ChatGPT does Advent of Code 2023
LLM are all the rage and people are worried that they will soon replace programmers (or, indeed, every possible office job) so I decided to do an experiment to see how well ChatGPT-4 does against Advent of Code 2023.
What is Advent of Code
Advent of Code (henceforth AoC) is an annual programming "event", held by Eric Wastl, that takes place during the first 25 days of december. Each day at midnight a problem unlocks, consisting of an input file and a description of the required solution (either a number or a sequence of letters and numbers) to be determined by processing the input file. To solve the problem you have to submit to the website the correct solution. Once you do part 2 of the problem unlocks, usually a harder version of the problem in part 1. You don't have to submit any code so, in theory, you could solve everything by hand, however, usually, this is intractable and writing a program to do the work for you is the only easy way to solve the problem.
There's also a leaderboard where participants are scored based on how fast they submitted a solution.
Problems start very easy on day 1 (sometimes as easy as just asking for a program that sums all numbers in the input) and progress towards more difficult ones, but they never get very hard: a CS graduate should be able to solve all problems, except maybe 1 or 2, in a couple of hours each.
Prior history
This isn't the first time ChatGPT (or LLMs) was used to participate in Advent of Code. In fact last year (2022) it was big news that users of ChatGPT were able, in multiple days, to reach the top of the global leaderboard. And this was enough of a concern that Eric explicitly banned ChatGPT users from submitting solutions before the global leaderboard was full (of course he also doesn't have any way to actually enforce this ban). Some people even expected GPT-4 to finish the whole year.

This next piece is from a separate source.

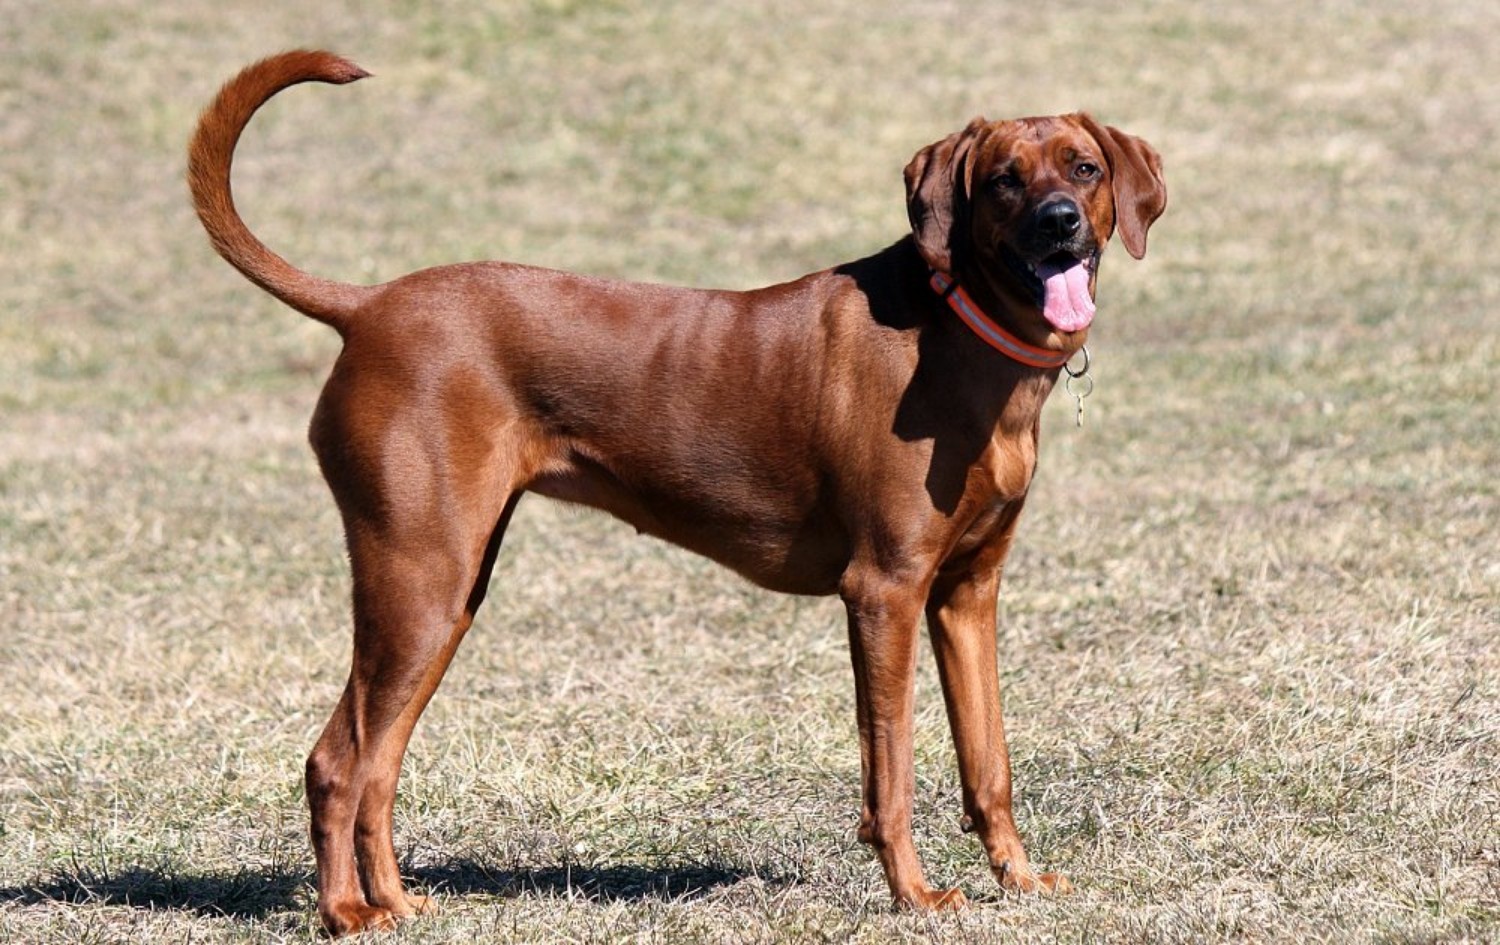 Coonhound Dog Breed Information, Images, Characteristics, Health

A lot of noise was made of GPT-3.5 performance in AoC last year but the actual results were quite modest and LLM enthusiasts behaved in a very unscientific way, by boasting successes but becoming very quiet when it started to fail. In fact ChatGPT struggled to get through day 3 and 5 and probably couldn't solve anything after day 5.
Why do AoC with GPT?
I think it's as close to the perfect benchmark as you can get. The problems are roughly in order of increasing difficulty so you can see where it stops being able to solve. Since almost all of the problems in any given year are solvable by a CS graduate in a couple of hours is a good benchmark for AGI. And since all of the problems are novel the solutions can't come from overfitting.
Also around release people tried GPT-4 on AoC 2022 and found that it performed better so it would be interesting to see how much of the improvement was overfitting vs actual improvement
Methodology
I don't pay for ChatGPT Plus, I only have a paid API key so I used instead a command line client, chatgpt-cli and manually ran the output programs. The prompt I used for part 1 was:
Write a python program to solve the following problem, the program should read its input from a file passed as argument on the command line:
followed by the copypasted text of the problem. I manually removed from the prompt all the story fluff that Eric wrote, which constitutes a small amount of help for ChatGPT. If the output had trivial syntax mistakes I fixed them manually.
I gave up on a solution if it didn't terminate within 15 minutes, and let ChatGPT fail 3 times before giving up. A failure constitutes either an invalid program or a program that runs to completion but returns the wrong output value.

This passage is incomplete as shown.